THE MIRACLE MATTRESS

 

My friend Mary mentioned she needed a new mattress. It just so happened I was getting rid of mine. “It’s too hard,” I told her. “Take it.”  Ten days later Mary borrowed a truck and drove 350 miles to the Bay Area to pick it up.”

Looking like a gigantic piece of spongy tofu wrapped in a triple ply plastic, the 200-pound mattress leaned against the dusty wall of our garage. It was the kind of bedding meant to endure the thrash of environmental threats, and my spine could never get used to its stubborn resistance. It took two women and two men to lift the Cal King onto a GMC 4×4, a truck twice the size of my husband’s 22 -year old 150 Harley Ford. “His truck is a baby next to this one,” Mary said hoisting herself into the driver’s seat.

The mattress now roped to the insides of the truck bed seems secure. “Stay safe,” I say, and wave as she heads down the gravel driveway, a six, maybe eight- hour drive ahead of her, back to Los Angeles, depending upon the density of interstate clog.

 

Two hours later I get the call.

“Where are you?” is my worried greeting.

“I’m in Livermore on the 580. The mattress flew off the truck. It took air and I didn’t even know it.”

It’s clear she’s panicked. I try to imagine the mattress as a surfboard, skateboard, or, snowboard. It’s tough. “Where is it?”

“It’s back there, somewhere. I don’t know.”

“What’s your plan?” I ask, calculating the possibilities in my head. The mattress is mangled by now, hit and pummeled and shredded. Or it is charging at a Mini Cooper like a wall that’s come undone. No matter how I weigh it, the mattress trade-off isn’t going as planned. The whole deal is turning into a nightmare.

“I’m going back,” she says, “I have to try to get it. God forbid it’s causing wreckage.”

You go, girl, I want to say, but she’s already hung up. I begin to text.“When you get there, don’t call the police, call roadside service. Triple-A.”   I wait for a response but there’s nothing. Good, I think, she is focused. And in my mind’s eye, I see Mary exiting the southbound 580, whipping around in her 4×4 to get onto the northbound.

Six minutes later she calls.

“I’m here with the mattress,” she shrieks above the cacophony of cars whizzing by in the background. “You’ll never believe this,” she’s still shrieking. “Two girls are getting back in their car—they just pulled the mattress to the shoulder side of the fast lane.”

“What?” I imagine two slight, female forms emerging from a Prius, fleece wings tumbling from their delicate shoulders to their waists, and in one motion swooping down to lift the spongy mass and effortlessly delivering it to the side of the interstate. “Mary,” I tell her in my loudest confessional voice. “I can’t believe people are really that nice.”  But she doesn’t hear me.

“They’re waving at me now,” she continues, “ … now they’re driving away! That’s it! They’re gone. And the mattress is here, still in the bag. The plastic is intact!”

Now she’s balling into the phone and elephant tears coming from nowhere run down my cheeks. I can’t get my head around this. Whatever, we don’t have time to get philosophical.

“Oh my gosh,” she screams. “A cop. A cop is pulling over. I’ll text you.”  I tremble at the thought. Would she be in trouble, or would he help? The phone vibrates three minutes later.

“Hello,” I try to sound calm but I notice my greeting sounds more like a bark.

“He helped me put it back on the truck and we strapped it down. He wasn’t mad but just said, ‘have to get this off the highway’ and then he split. I can’t believe I did this…”

“Mary!” Now I am sure I am barking. “This is a miracle! The cop, the girls.”

“It is?” She blows her nose into the phone while I’m wiping my face on my sleeve.

“Those girls were amazing. I don’t know what I would have done…”
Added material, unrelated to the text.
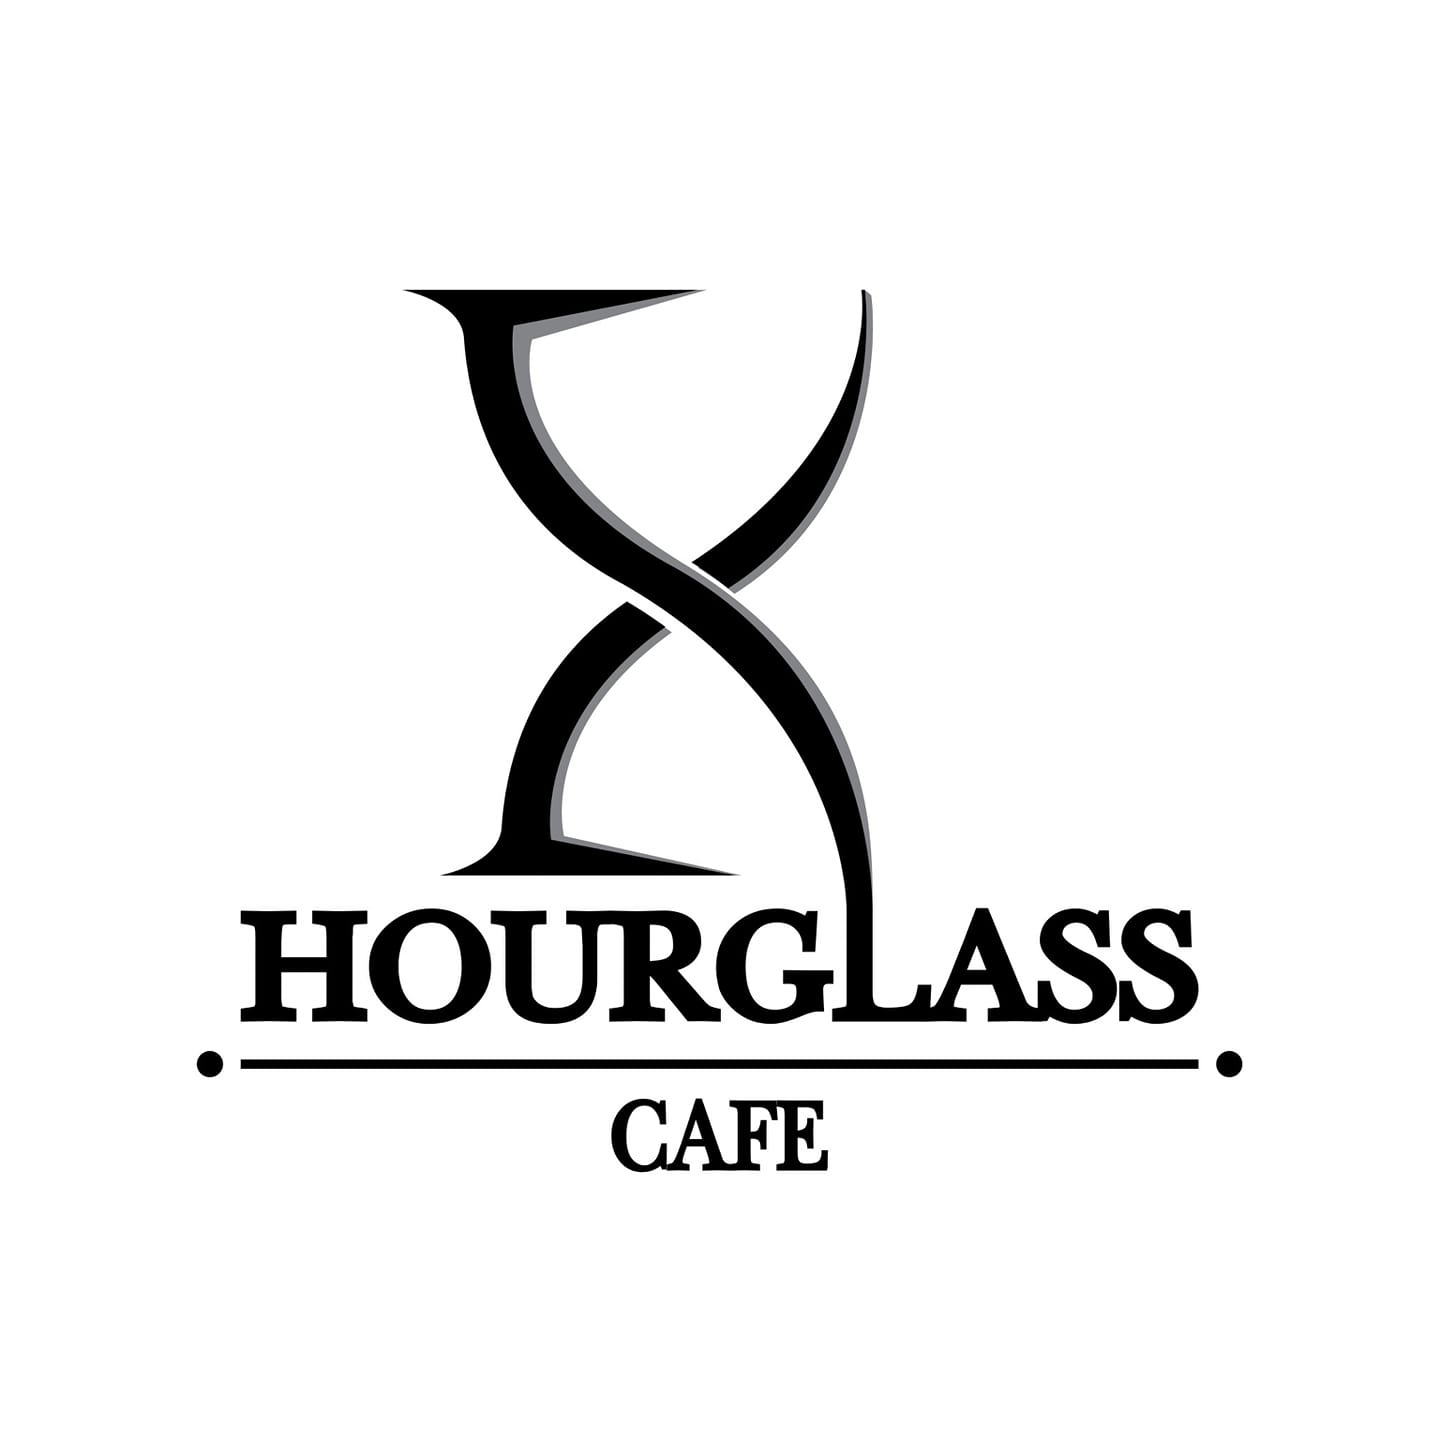 Hourglass Cafe (อาวเวอร์กลาส คาเฟ่) logo โลโก้

I don’t either, but I am grateful and feel relief.

“Text me when you get home,” I tell her.

“Okay,” she says, sounding more together. “Okay, here I go. Again. Okay, wish me luck.”

I do, but I hope she doesn’t need it, or if this was all a bunch of luck, it hasn’t run out.

 

Seven hours later I get the text.

“A neighbor helped me get it into my apartment. Believe me, I’m ready for bed.”

Thank goodness I think, and consider texting her to review the day’s events. Instead I emoji a happy face with a kiss, and trust that she is already fast asleep, having a darned good dream.